Cluster vs broker monitoring: where the line sits

The cluster and broker layers are not always cleanly separable. Several metrics appear in per-broker JMX output but only carry meaning when interpreted at the cluster level.

UnderReplicatedPartitions is the clearest example: it is exposed per broker, but aggregating it across the fleet gives you the total replication deficit. A single broker reporting zero URPs is not informative if another broker is lagging. ActiveControllerCount is only interpretable as a cluster-wide sum — a value of 1 on one broker is normal; a cluster-wide sum of 0 or 2 is critical. Individual broker throughput metrics (BytesInPerSec per broker) are per-broker values that feed cluster-level capacity planning by revealing which brokers are carrying disproportionate load.
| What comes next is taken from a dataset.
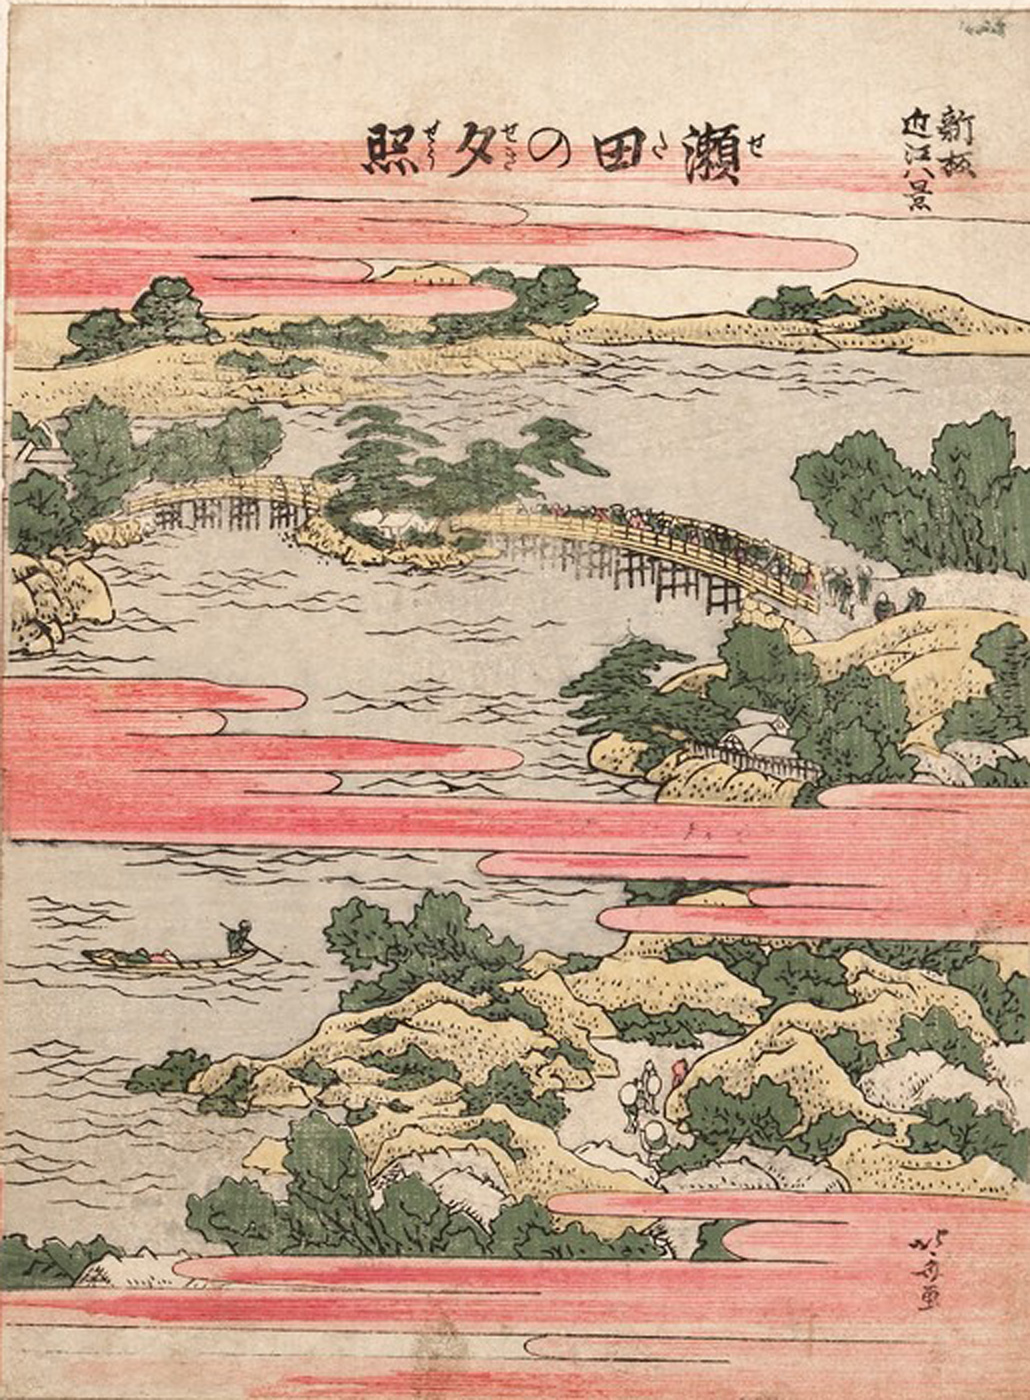 Hokusai - Evening Glow at Seta - 1802 Vertical Edition
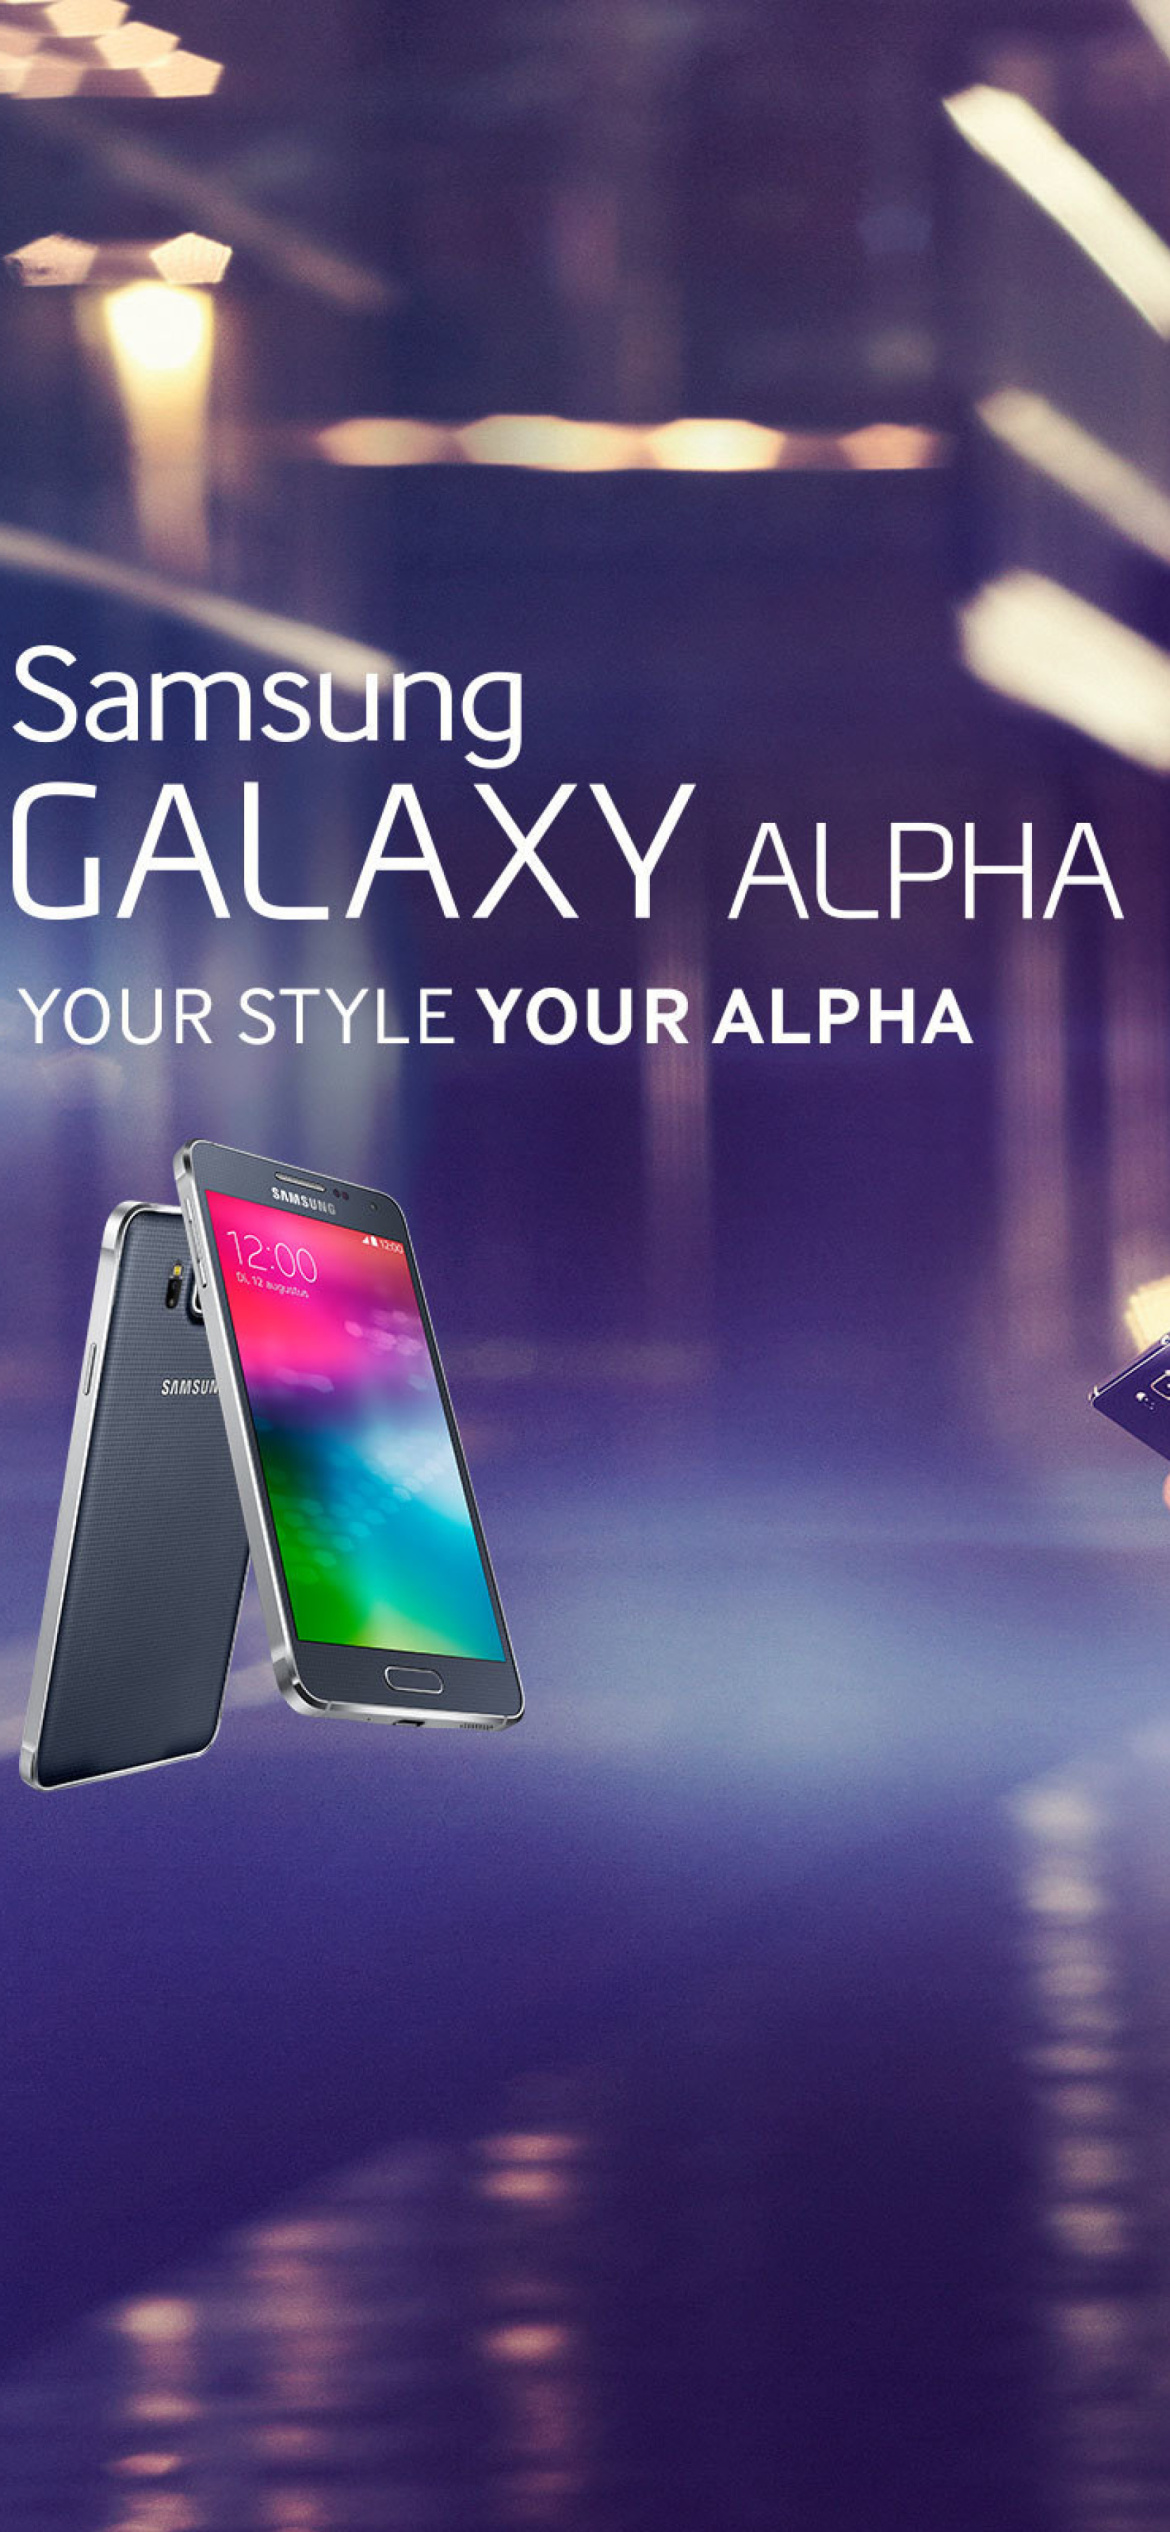 Samsung Galaxy Alpha Advertisement with Doutzen Kroes screenshot #1 1170x2532

For replication and controller metrics, always aggregate. For throughput, collect per-broker and compare across the fleet. The Kafka broker monitoring article covers the internals — request thread saturation, JVM heap, disk flush latency — that complement the cluster view covered here.

Multi-broker observability setup

The collection challenge

JMX is a per-process interface. To get a cluster-wide picture, you need to scrape every broker’s JMX endpoint and aggregate the results centrally. In a three-broker cluster this is manageable manually; in a fleet of dozens, service discovery and automated aggregation become essential.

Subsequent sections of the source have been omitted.